Kepala Seksi Verifikasi, Akuntansi, dan Kepatuhan Internal KPPN Kuala Tungkal
·waktu baca 5 menit
Tulisan dari Abi Khoiri tidak mewakili pandangan dari redaksi kumparan

Agustus 2025 menjadi bulan penting dalam evaluasi kinerja Anggaran Pendapatan dan Belanja Negara (APBN) di lingkup Kantor Pelayanan Perbendaharaan Negara (KPPN) Kuala Tungkal. Sebagai ujung tombak Direktorat Jenderal Perbendaharaan (DJPb) Kementerian Keuangan, KPPN Kuala Tungkal berperan memastikan implementasi APBN berjalan efektif, transparan, dan akuntabel.

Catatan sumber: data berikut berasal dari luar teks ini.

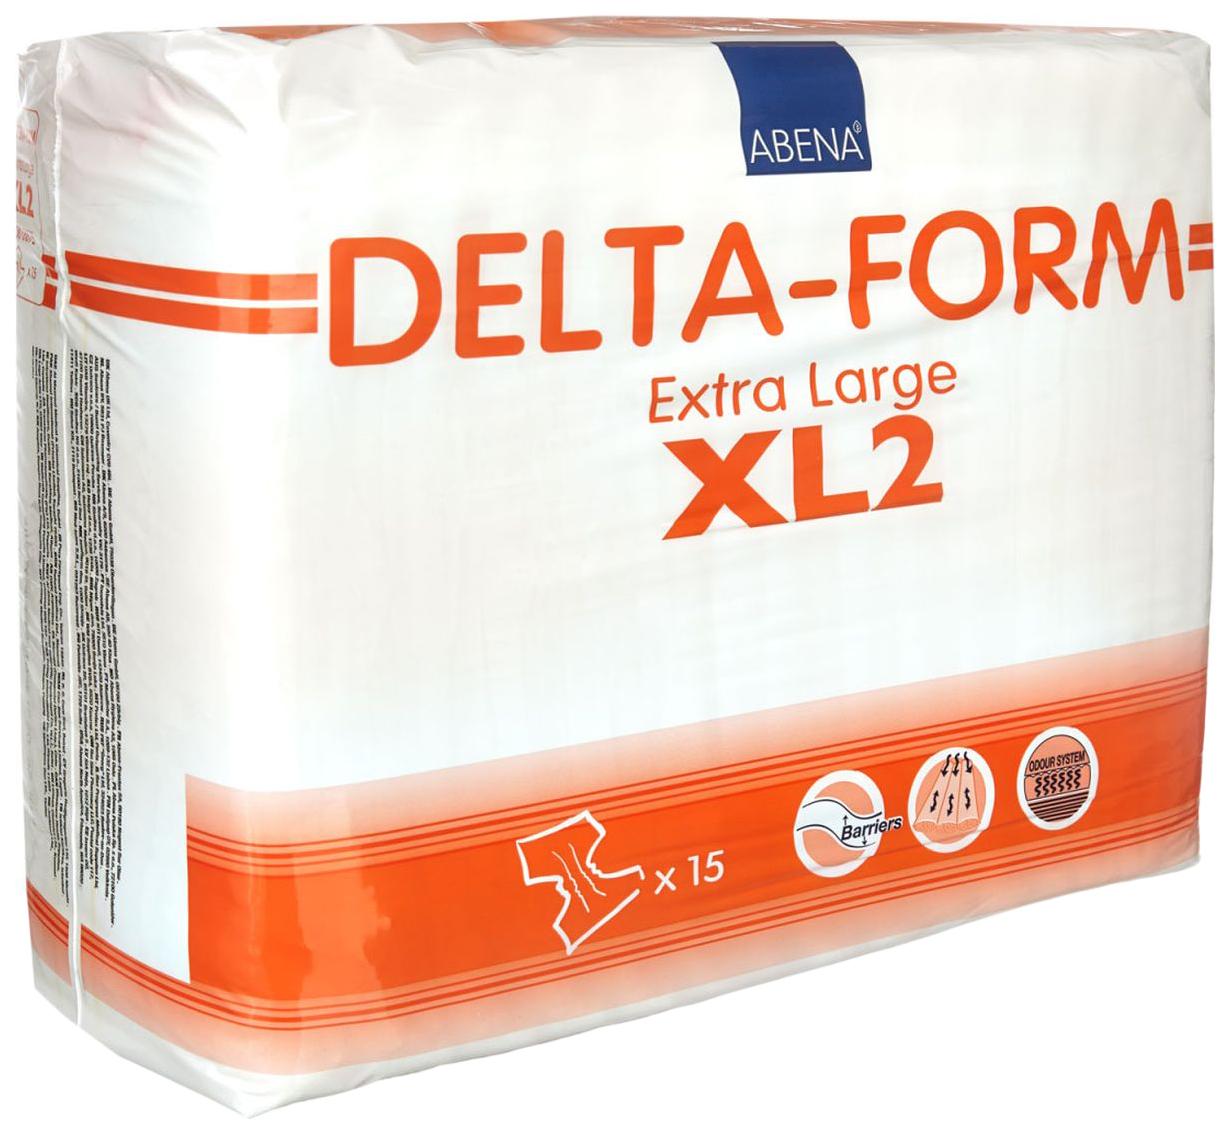 Купить 308875, Подгузники для взрослых XL2, 15 шт. Abena Delta-Form

Kinerja APBN edisi Agustus 2025 menunjukkan capaian positif di berbagai sektor, meskipun masih terdapat tantangan yang harus diantisipasi. Realisasi belanja negara, penyaluran Transfer ke Daerah (TKD), serta program prioritas terus diarahkan untuk mendukung pertumbuhan ekonomi, menjaga daya beli masyarakat, dan memperkuat pelayanan publik di Kabupaten Tanjung Jabung Barat dan Tanjung Jabung Timur.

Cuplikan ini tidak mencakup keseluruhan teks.